Il Dio invisibile (e infatti l’AT ha sempre difeso l’idea che Dio non poteva essere visto, senza che l’uomo morisse) resta mistero ma non è inconoscibile. Non lo era prima di Gesù e lo è tanto meno dopo di lui, perché Gesù nella sua vita, morte e risurrezione ce ne offre l’immagine, una rivelazione già piena (Gesù come immagine di questo Dio invisibile/ εἰκὼν τοῦ θεοῦ τοῦ ἀοράτου: la sua azione di re è proprio svolta in questo servizio di rivelare Dio come unico sovrano e giudice della vita del fedele, giudice misericordioso, pietoso e lento all’ira, come già Es 34,6ss raccontava).

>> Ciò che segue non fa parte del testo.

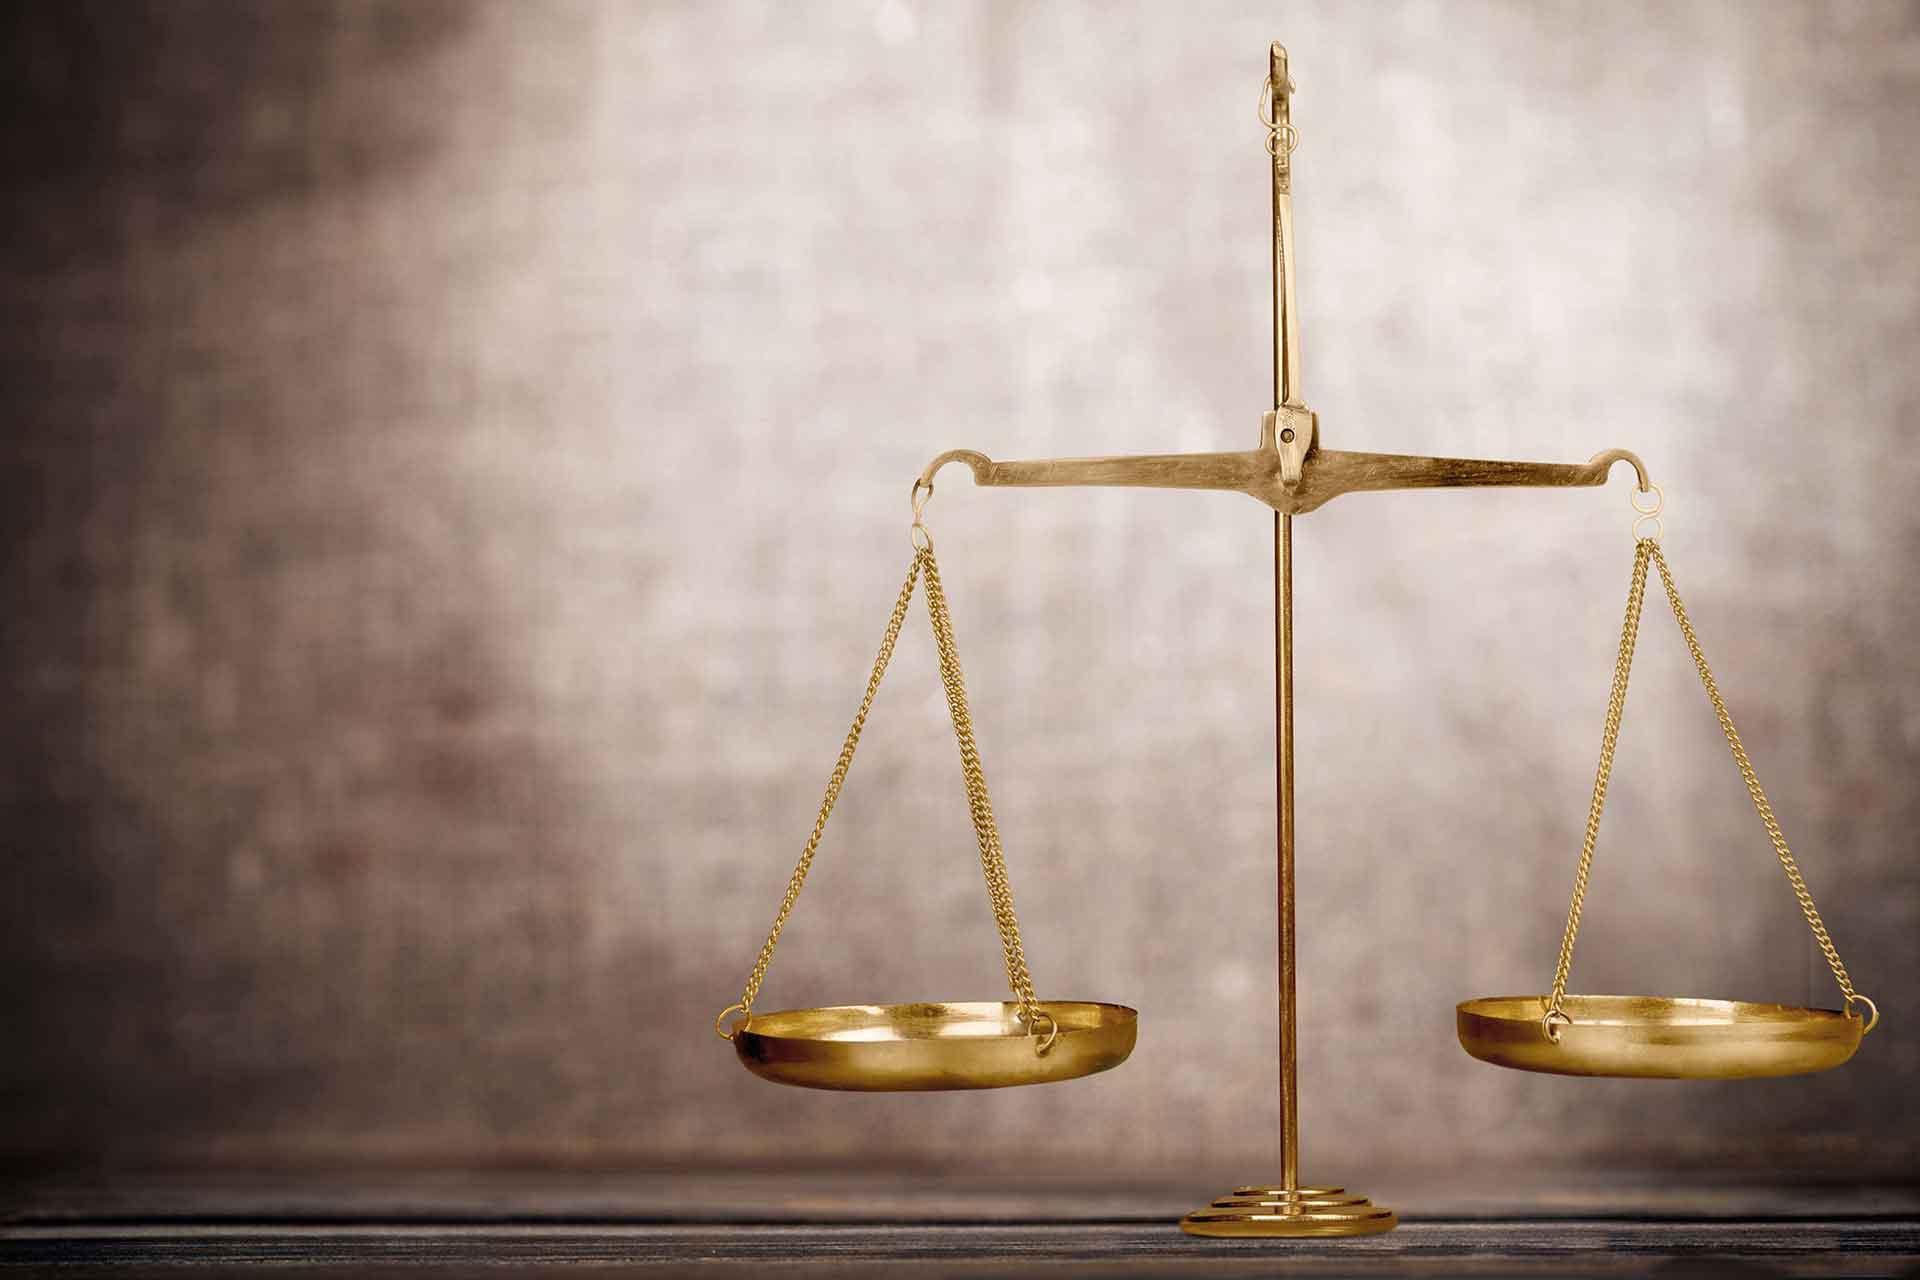 Vrijblijvend juridisch advies strafrecht advocaat - Weening Strafrechtadvocaten

1Come purtroppo invece si è spesso verificato. Con Geroboamo per esempio (7 Va’ a riferire a Geroboamo: “Così dice il Signore Dio d’ Israele: Io ti ho innalzato di mezzo al popolo e ti ho costituito capo sul mio popolo Israele; 8 ho strappato il regno dalla casa di Davide e l’ ho dato a te, ma tu non sei stato come il mio servo Davide che ha custodito i miei precetti e mi ha seguito con tutto il cuore, facendo solo ciò che è retto ai miei occhi; 1 Re 14,7-8). O come più chiaramente riporta 1 Sam 8,11-16 che critica la monarchia in maniera radicale fin dalla sua istituzione: sarebbe una forma depravata, che sconfessa Dio, ma alla quale il Signore cede perché Israele ormai si è troppo assuefatto ai popoli vicini da volere anche lui una tale guida (da considerarsi comunque però una condanna).
2 L’aggiunta di ‘apo-’ è un gusto per il greco comune (koiné) che amava le parole con i composti piuttosto che la forma semplice.